Some of the off task behavior is that the devices have already become toys; as such, that is what they see them as, even in the classroom. There is also the reality of cognitive development challenges in may poor households, they may simply lack the ability to stay on task without monitoring (this is a whole body of research and no, I am not going to write an easy on this topic here).
To make it worse, my school district is one considering issuing chrome-books to students. Like everyone else, they are hoping they can just buy something that will bring about improvement. There is little that will replace low teacher/student ratios and up to date teaching material; however, the districts will keep trying.
Considering that it is my job, there are places for technology into classroom.
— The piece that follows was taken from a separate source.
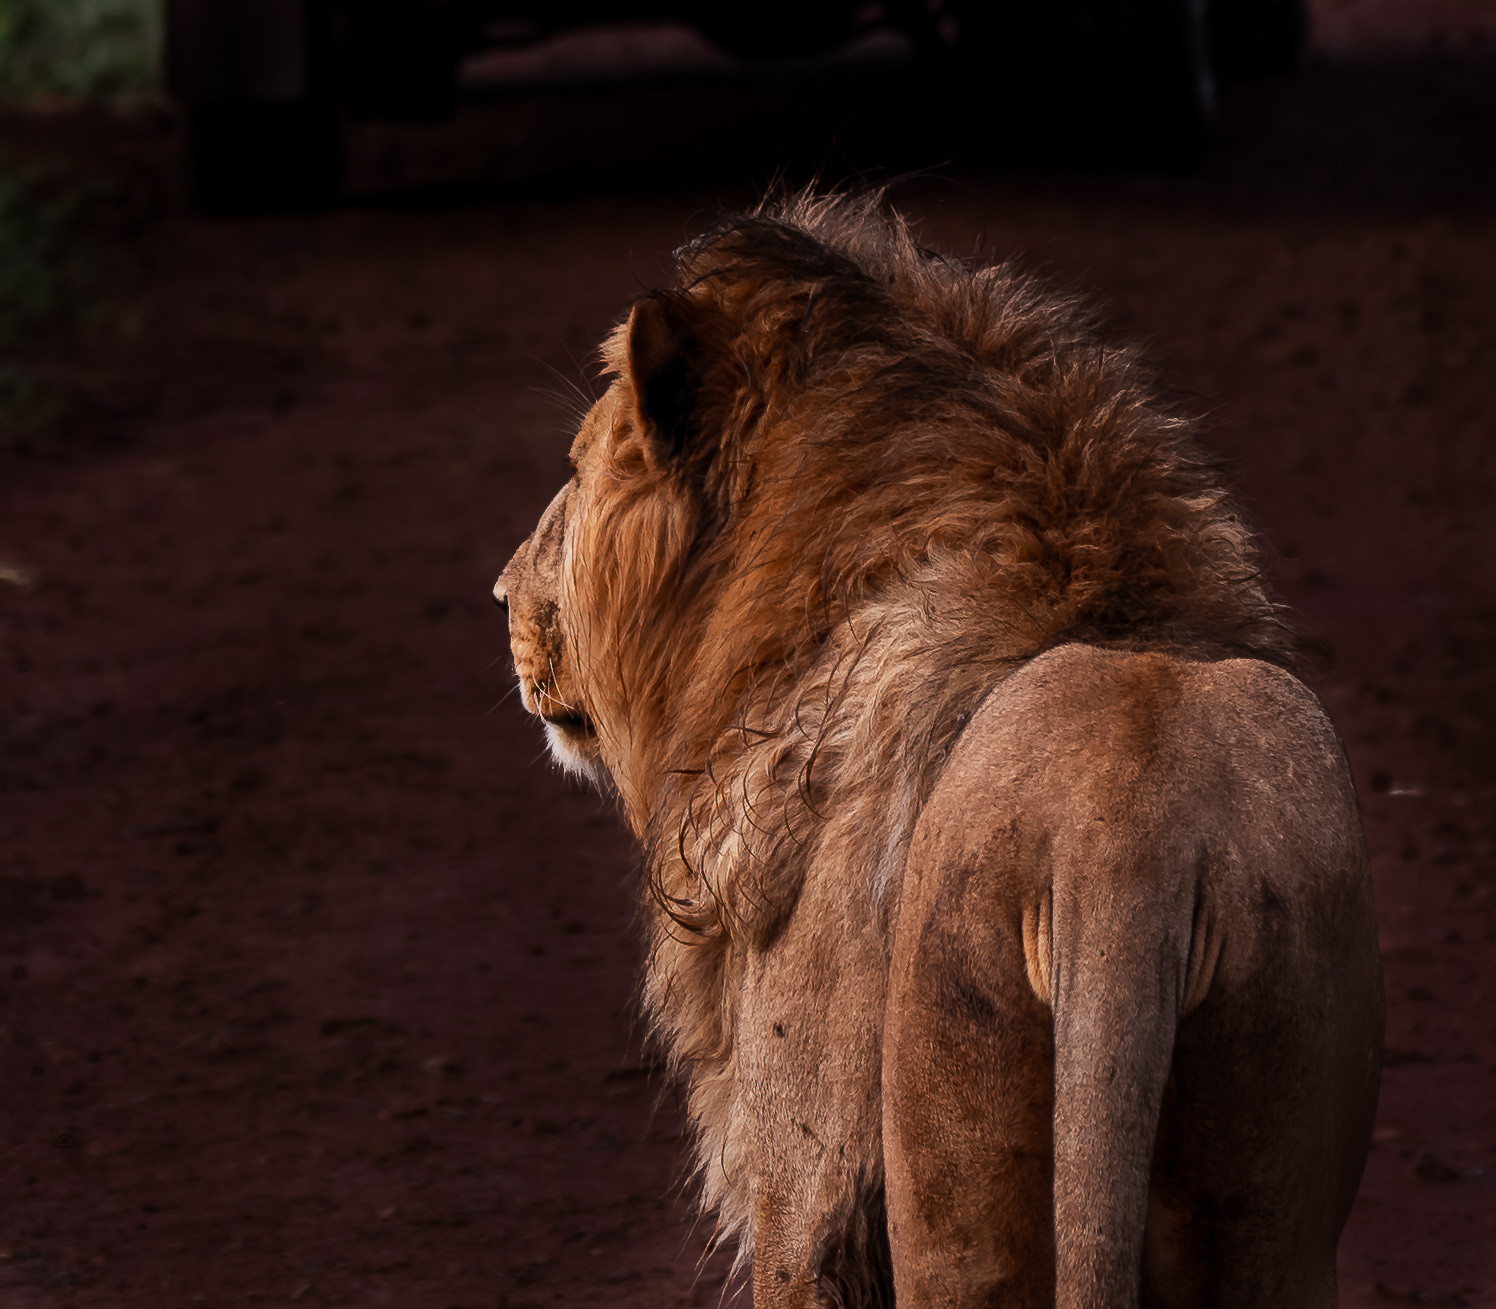 28oct_lion2.jpg
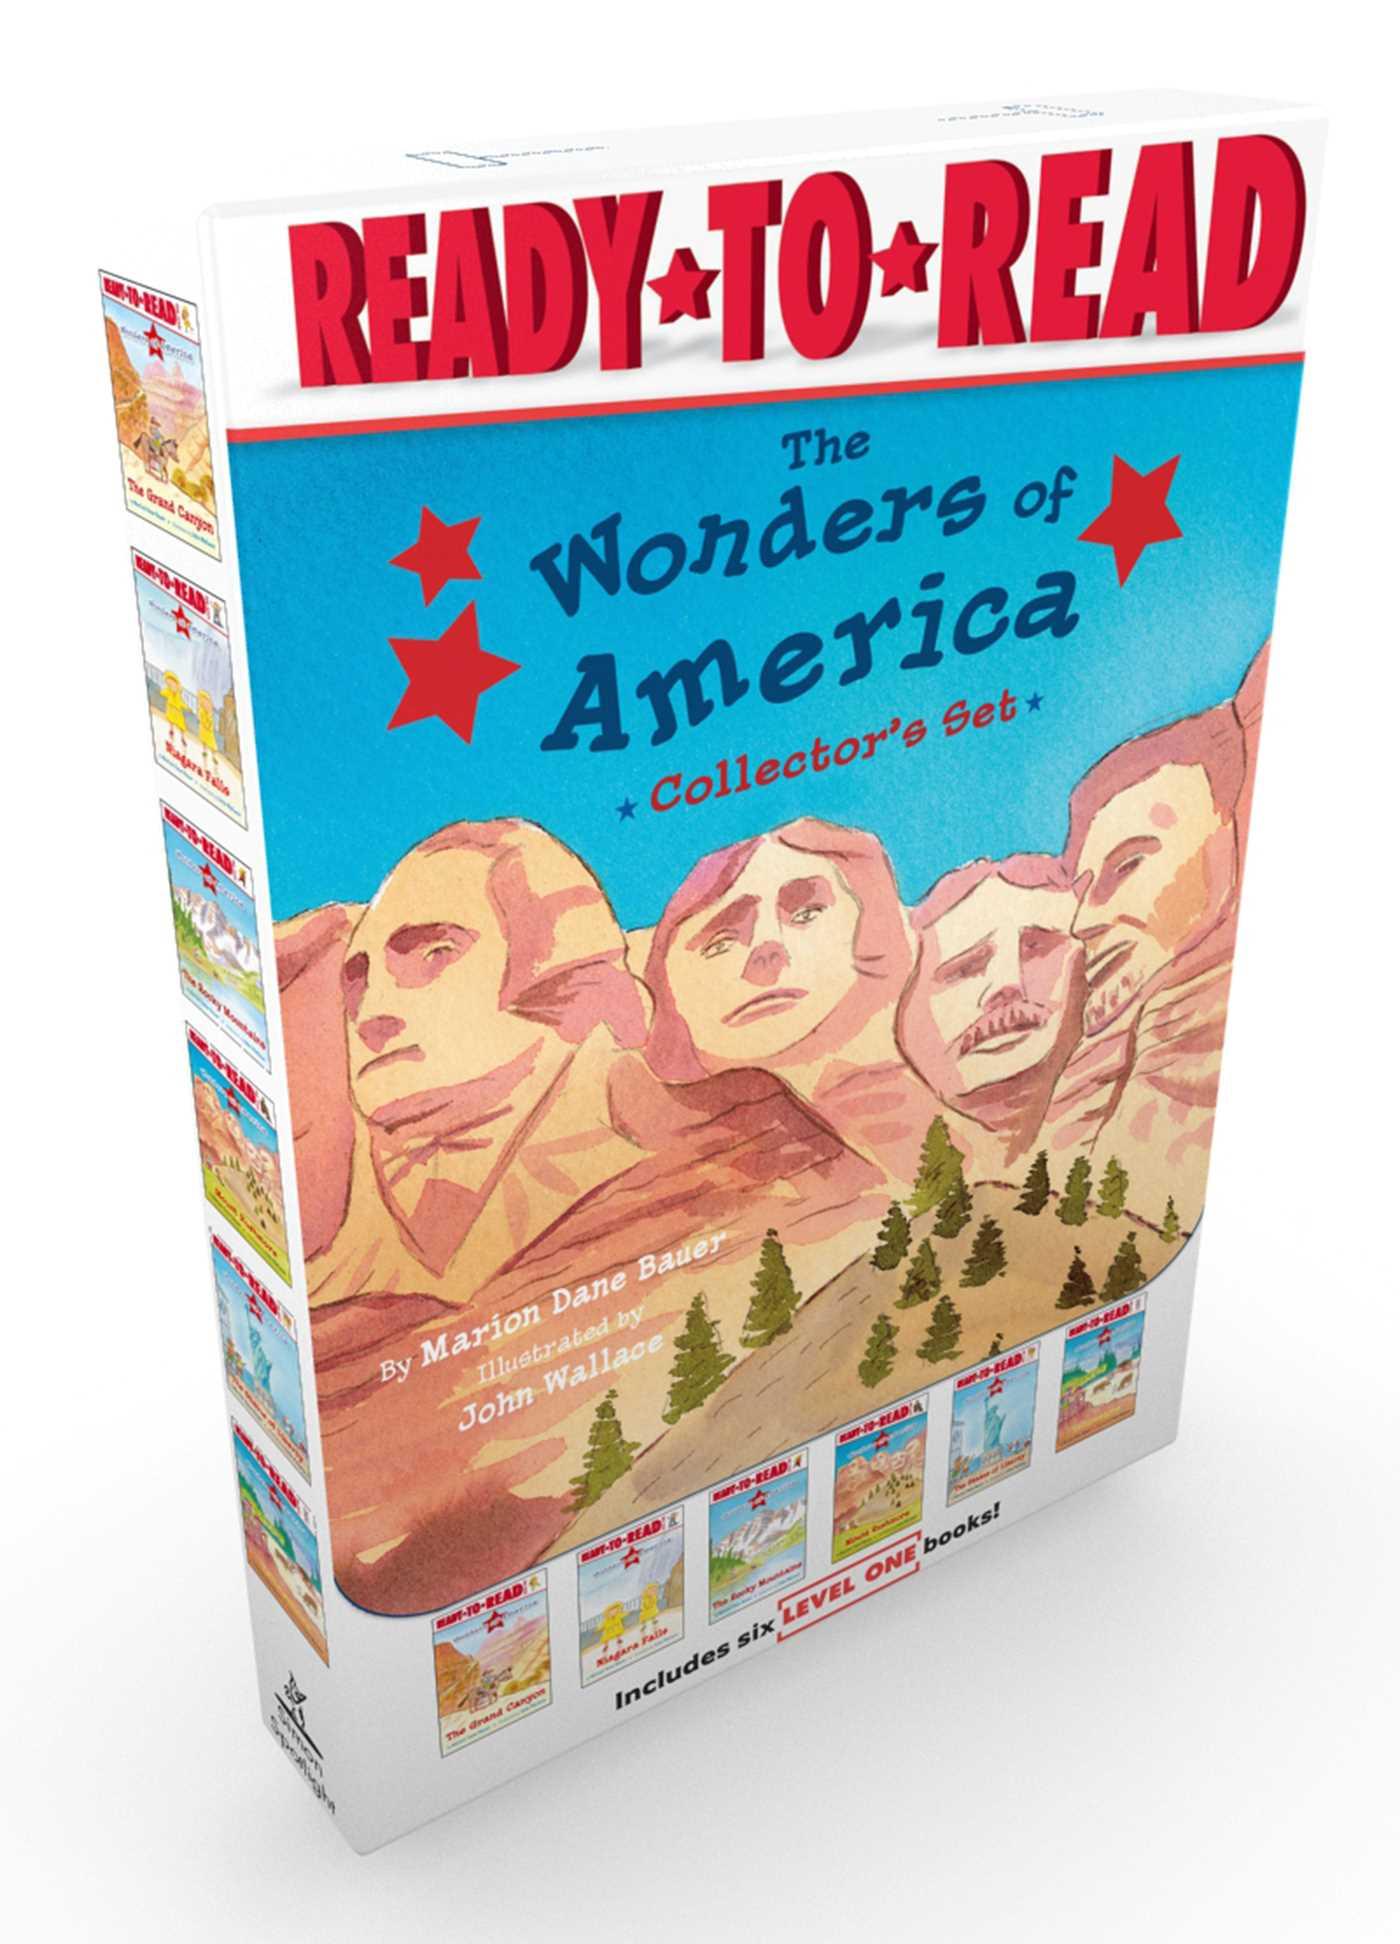 The wonders of america collectors set 9781481478878 hr

As many others have said, the problem is that the students sees, largely as a result of conditioning, the technology as toys and meed careful supervision, and instruction, to get the most out of the technology.
If you can't add without a calculator 33 and 84 in your head and get an answer instantly, then you are fucked up.
If you have to think about it at all, then your education has been wrong.
There is value to pages and pages of addition, subtraction, multiplication, and division work. And in not being able to access a calculator to do it.
You can read a Superman comic or a physics book. You can watch the A-Team or the Science Guy. You can play Call of Duty or write a recursive descent parser. Technology isn't the problem, but it's also not the great equalizer. It's what you do with it that advances you or holds you back. Technology is an accelerator, an amplifier, in every direction.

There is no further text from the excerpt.